If it’s going to come down to a trillion-dollar platinum coin, we might as well understand what it is and isn’t. I see it as that moment in the movies when the priest, dealing with the devil incarnate, holds up his little cross. The devil then evaporates or melts or something else that costs about a trillion in special effects and makes little boys incredibly excited.
The coin isn’t actually through-and-through platinum, weighing a ton, carried by federal employees in a shrouded van (accompanied by noisy police cars) to the Federal Reserve and credited to our account there. Instead it’s a Constitutional special effect in which the president accepts the Constitutional opportunity to mint a “commemorative” coin worth a conceptual trillion dollars as a bailout for a group of legislators who refuse to take up their normal responsibilities. It’s a fake toad in a real garden.

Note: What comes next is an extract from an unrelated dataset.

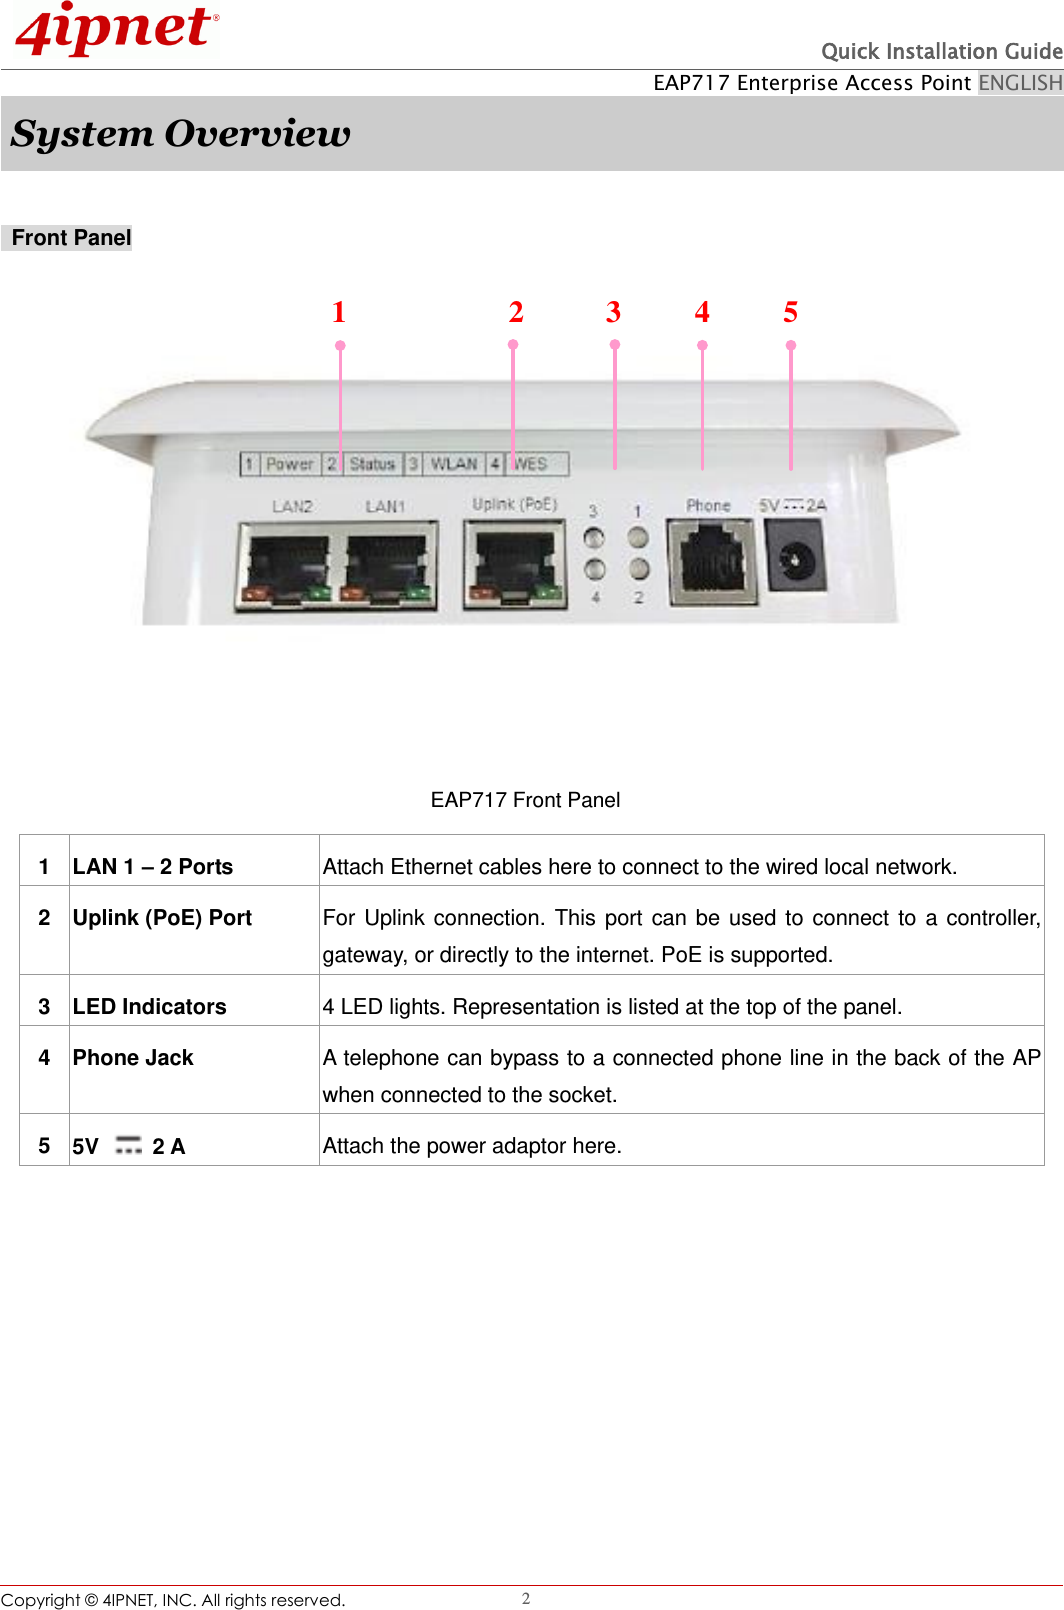  Quick Installation Guide EAP717 Enterprise Access Point ENGLISH Copyright ©  4IPNET, INC. All rights reserved.                                                              2 System Overview   Front Panel 1 2 3 4 5 EAP717 Front Panel        1 LAN 1 – 2 Ports Attach Ethernet cables here to connect to the wired local network. 2 Uplink (PoE) Port For Uplink connection. This port can be used to connect to a controller, gateway, or directly to the internet. PoE is supported. 3 LED Indicators 4 LED lights. Representation is listed at the top of the panel.   4 Phone Jack A telephone can bypass to a connected phone line in the back of the AP when connected to the socket.   5 5V    2 A Attach the power adaptor here.

In case you’re wondering, no, this wouldn’t be an inflationary exercise in printing money. Aside from the fact that .Paul Krugman, NYT
It’s fully within the president’s powers to do this. If we’re talking about right now, it’s also a reproof — in the guise of some theatre of the absurd — aimed at a group in Congress that didn’t do its job. As Krugman points out, a stark reality lies behind all this craziness.
Under the Constitution, fiscal decisions rest with Congress, which passes laws specifying tax rates and establishing spending programs. If the revenue brought in by those legally established tax rates falls short of the costs of those legally established programs, the Treasury Department normally borrows the difference.
Lately, revenue has fallen far short of spending, mainly because of the depressed state of the economy. If you don’t like this, there’s a simple remedy: demand that Congress raise taxes or cut back on spending. And if you’re frustrated by Congress’s failure to act, well, democracy means that you can’t always get what you want. … Paul Krugman, NYT
In this case, because Congressional Republicans haven’t… Oh, well. You know.
There are other ways of dealing with the problem of a fake cliff in a real America.
… The platinum coin may not be the only option. Maybe the president can simply declare that as he understands the Constitution, his duty to carry out Congressional mandates on taxes and spending takes priority over the debt ceiling. Or he might be able to finance government operations by issuing coupons that look like debt and act like debt but that, he insists, aren’t debt and, therefore, don’t count against the ceiling.
Or, best of all, there might be enough sane Republicans that the party will blink and stop making destructive threats.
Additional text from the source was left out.